___ Data to process ___
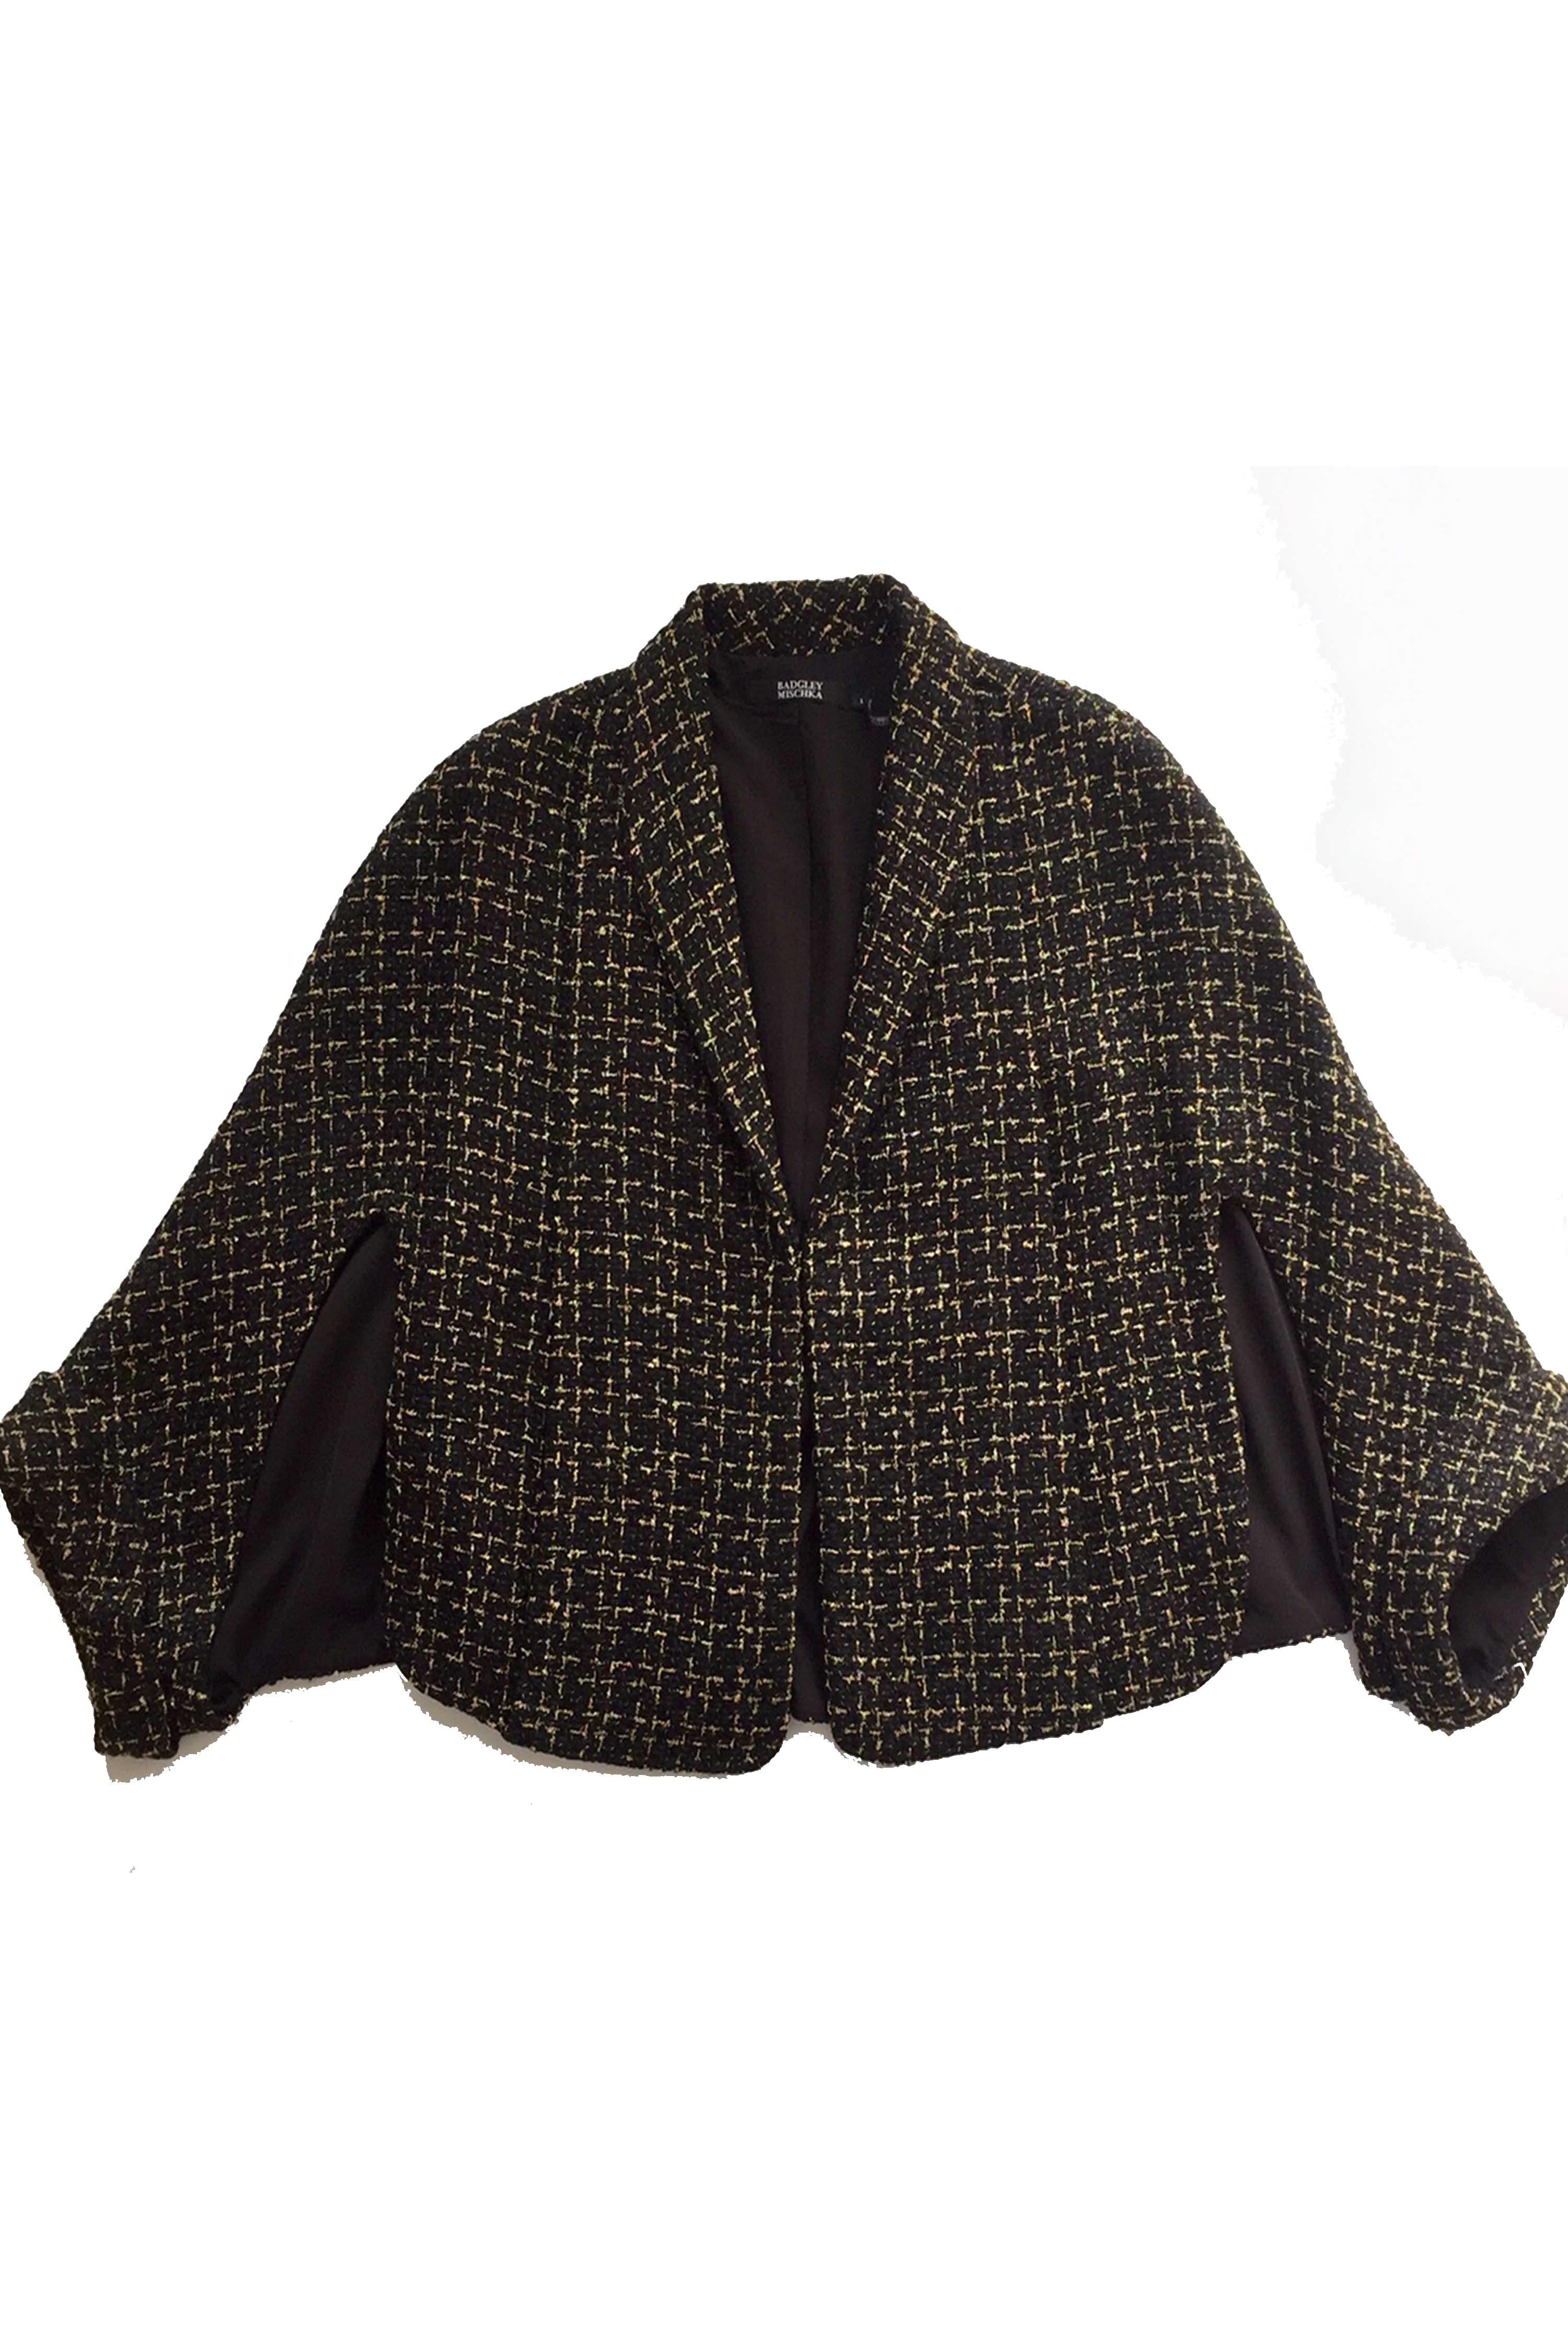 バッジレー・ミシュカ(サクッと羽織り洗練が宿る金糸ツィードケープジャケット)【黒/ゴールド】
___
___ Data to process ___
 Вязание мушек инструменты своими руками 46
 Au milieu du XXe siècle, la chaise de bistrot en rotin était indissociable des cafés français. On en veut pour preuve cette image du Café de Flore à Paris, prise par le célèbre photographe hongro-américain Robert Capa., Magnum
___
* [Task goal] Repeat exactly the lines above from the one with "Вязание мушек инструменты своими руками 46" up to and including the one with "Au milieu du". No other line belongs in the reply.

* [Answer space]
 Вязание мушек инструменты своими руками 46
 Au milieu du XXe siècle, la chaise de bistrot en rotin était indissociable des cafés français. On en veut pour preuve cette image du Café de Flore à Paris, prise par le célèbre photographe hongro-américain Robert Capa., Magnum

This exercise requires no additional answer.